There was a time when many of us techies had Raspberry PIs hanging around not doing much in boxes.
I've got mine monitoring temperatures across the house, doing ad blocking and helping me out doing some docker stuff.
I own a spare Pi 2B which I'd left for dead, but then thought, can I use it for some useful bits of software.

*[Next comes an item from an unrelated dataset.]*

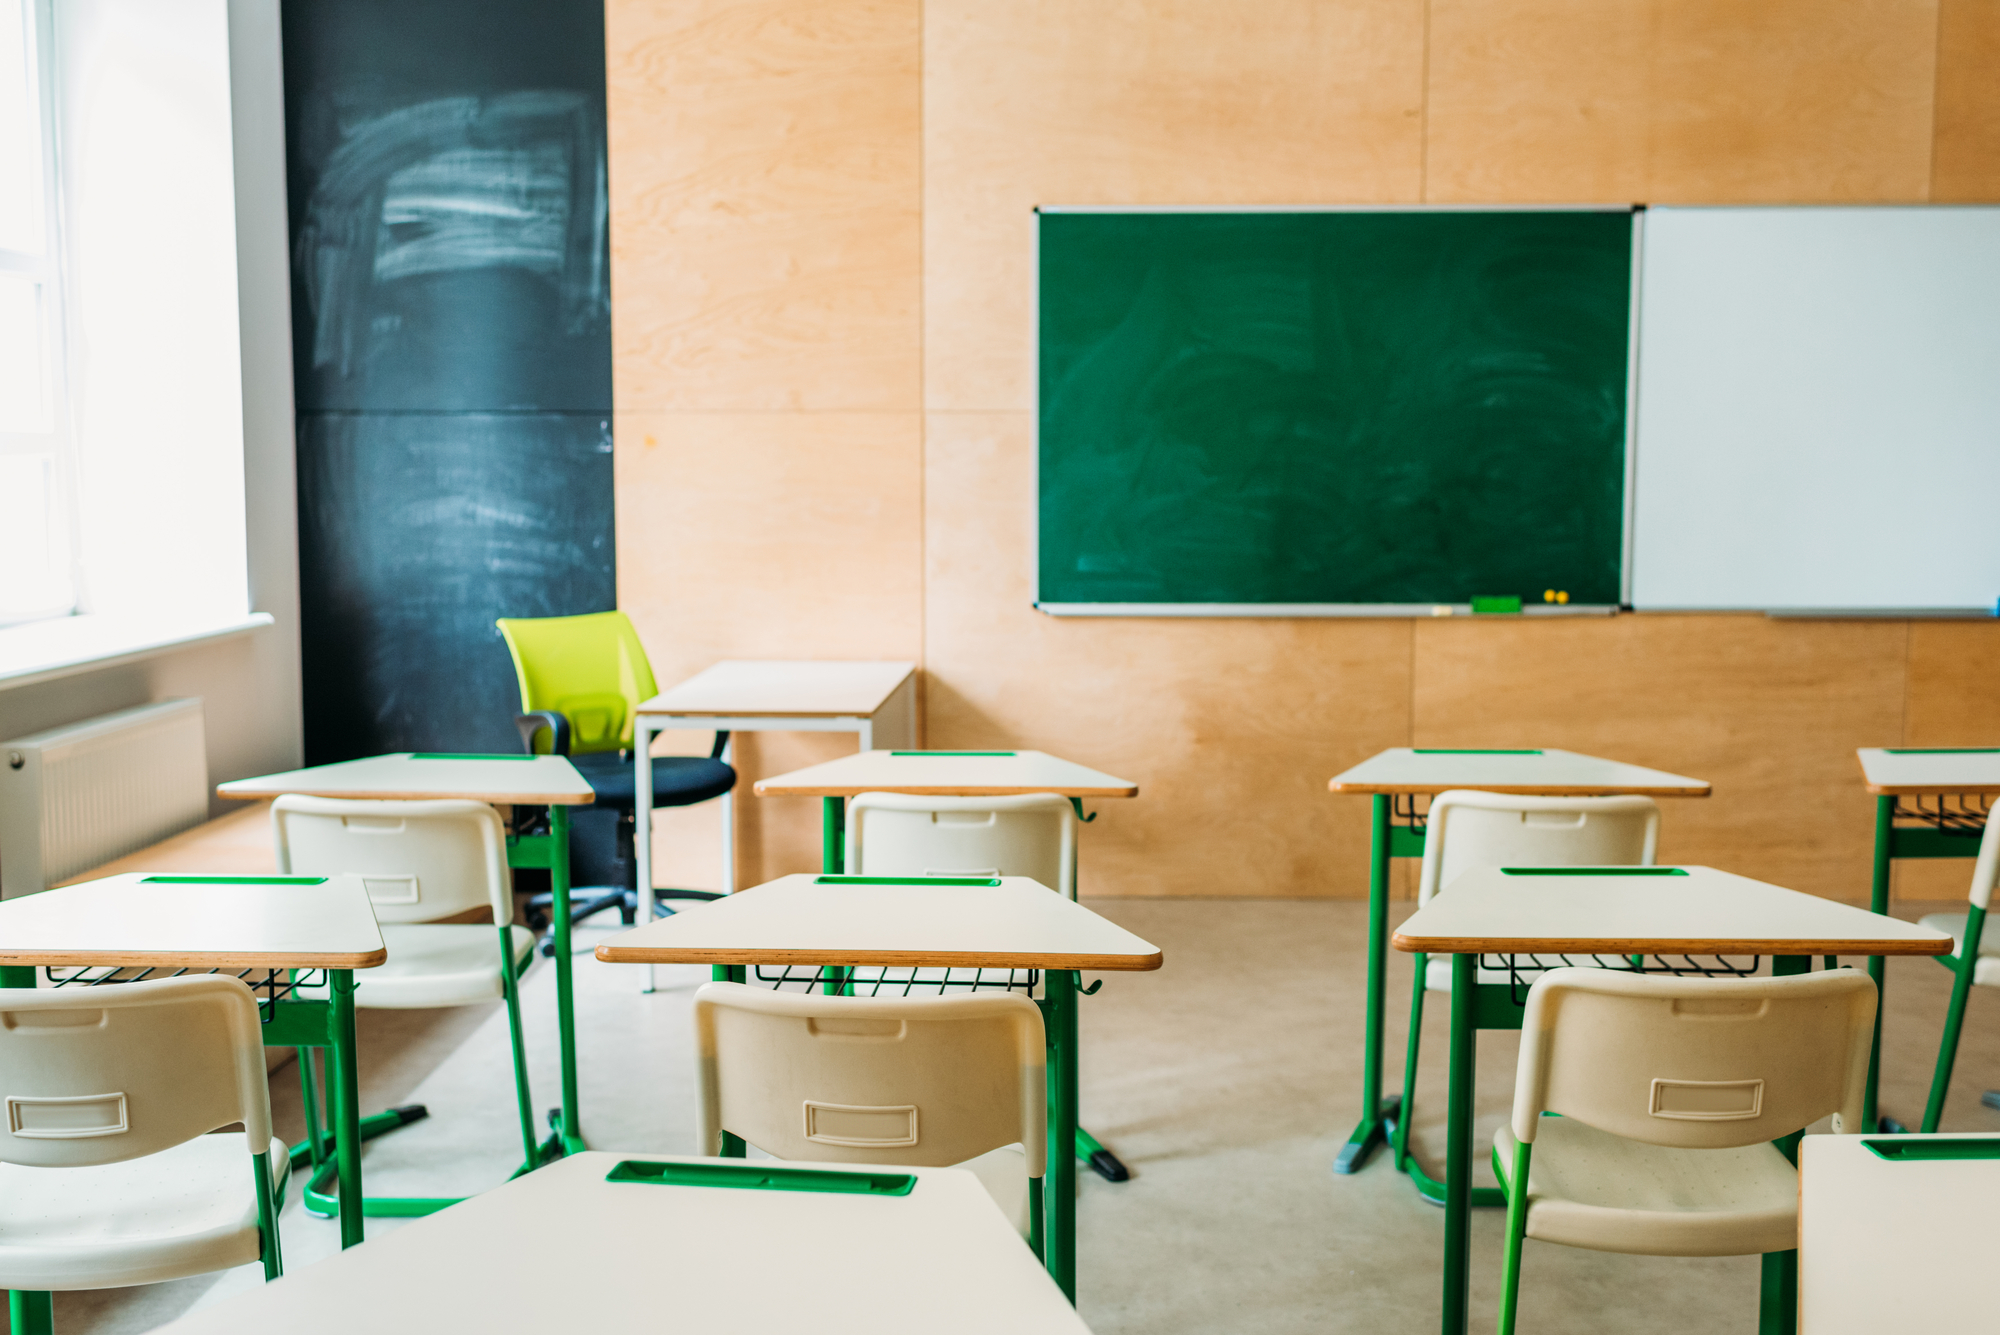 Interior of empty modern classroom with blank chalkboard at school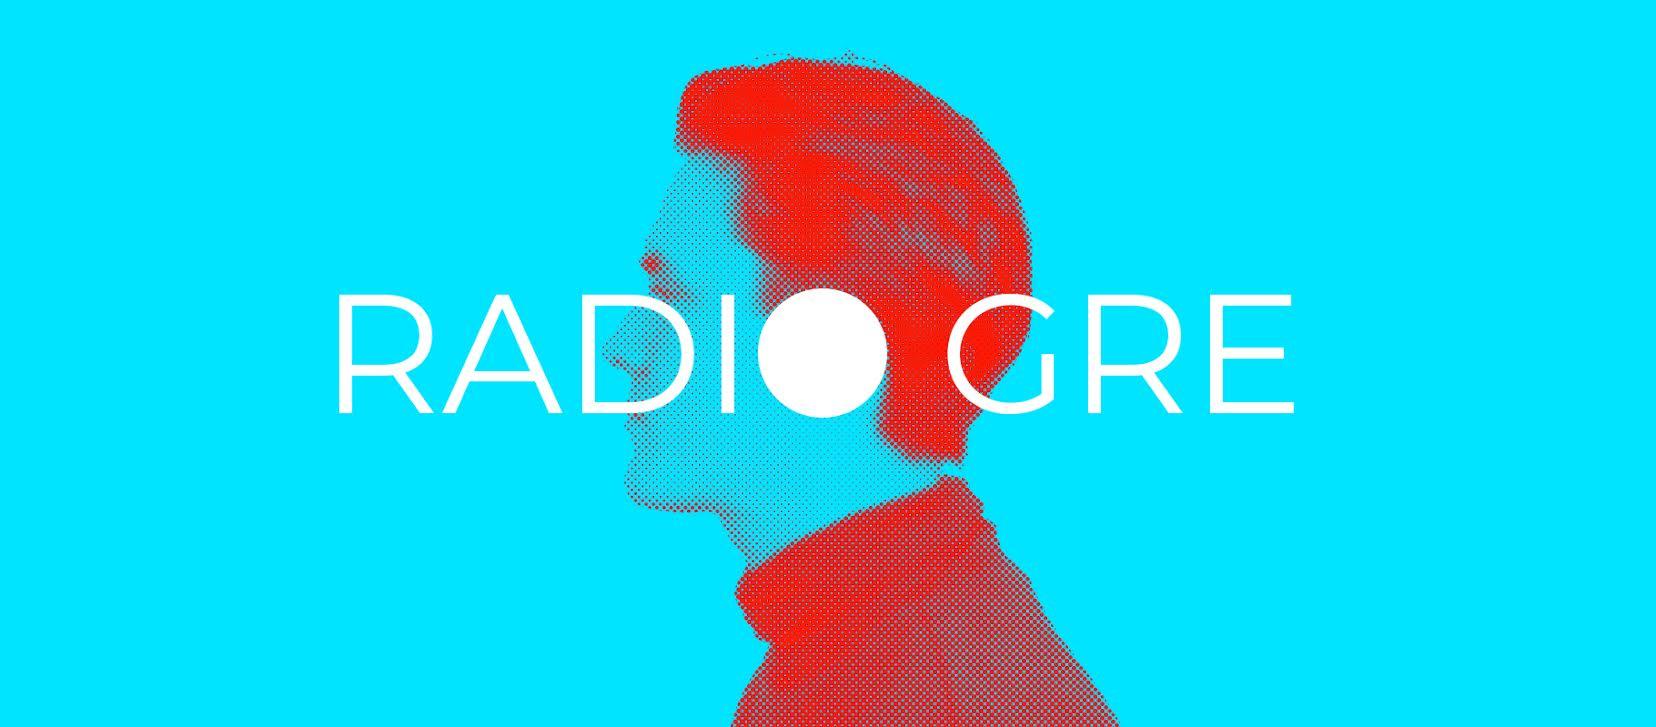 Radio GRE

I mess about being a cosplay software developer, and managing secrets is definitely a useful thing to do, particularly when you can rotate them and keep them "dynamic".

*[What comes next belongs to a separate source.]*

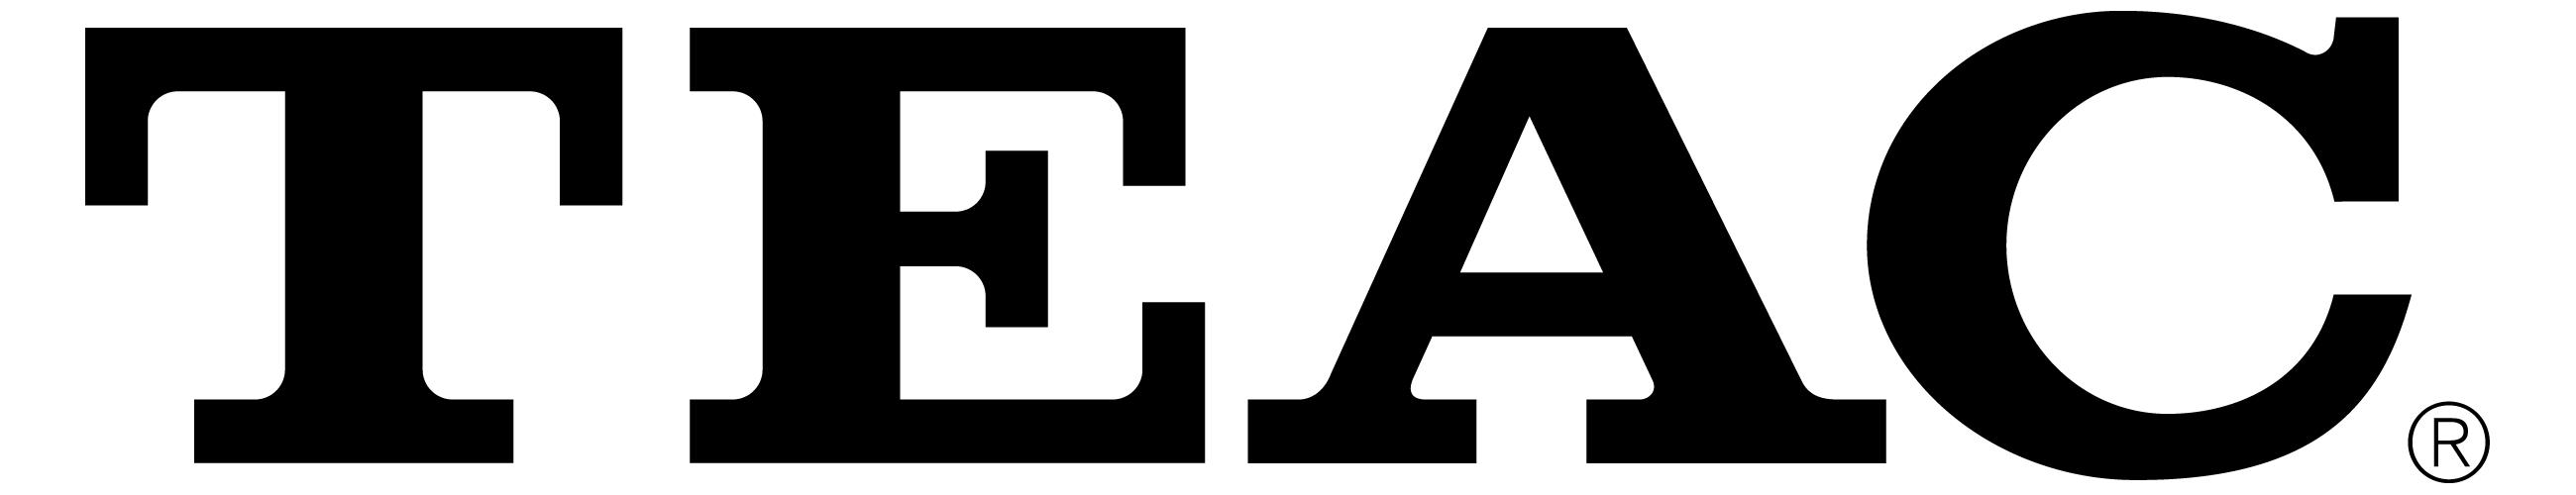 TEAC_logo

First our dependencies and what we'll end up installing:
Software | Version |
---|---|
RaspbianOS | 11 (bullseye) |
Hashicorp Vault | 1.12.2 |
Install Vault as a Service
Download the Open Source Vault binary
1curl https://releases.hashicorp.com/vault/1.12.2/vault_1.12.2_linux_arm.zip -o vault.zip
Unzip and move the Vault binary
1unzip vault.zip
2sudo mv ./vault /usr/bin/vault
Set appropriate capabilities on the vault binary
1sudo setcap cap_ipc_lock=+ep /usr/bin/vault
Create a folder for the vault data
1sudo mkdir -p /opt/hashicorp/vault-data
Add a vault user for the service to run as
1sudo useradd -r -d /opt/hashicorp/vault-data -s /usr/sbin/nologin vault
Set permissions on the vault data directory
1sudo install -o vault -g vault -m 750 -d /opt/hashicorp/vault-data/
Create a Vault configuration
1sudo nano /etc/vault.hcl
Edit the vault.hcl file and put the following contents in:
1ui = true
2storage "file" {
3 path = "/opt/hashicorp/vault-data"
4}
5listener "tcp" {
6 address = "0.0.0.0:8200"
7 tls_disable = 1
8}
Set permissions on the Vault config file.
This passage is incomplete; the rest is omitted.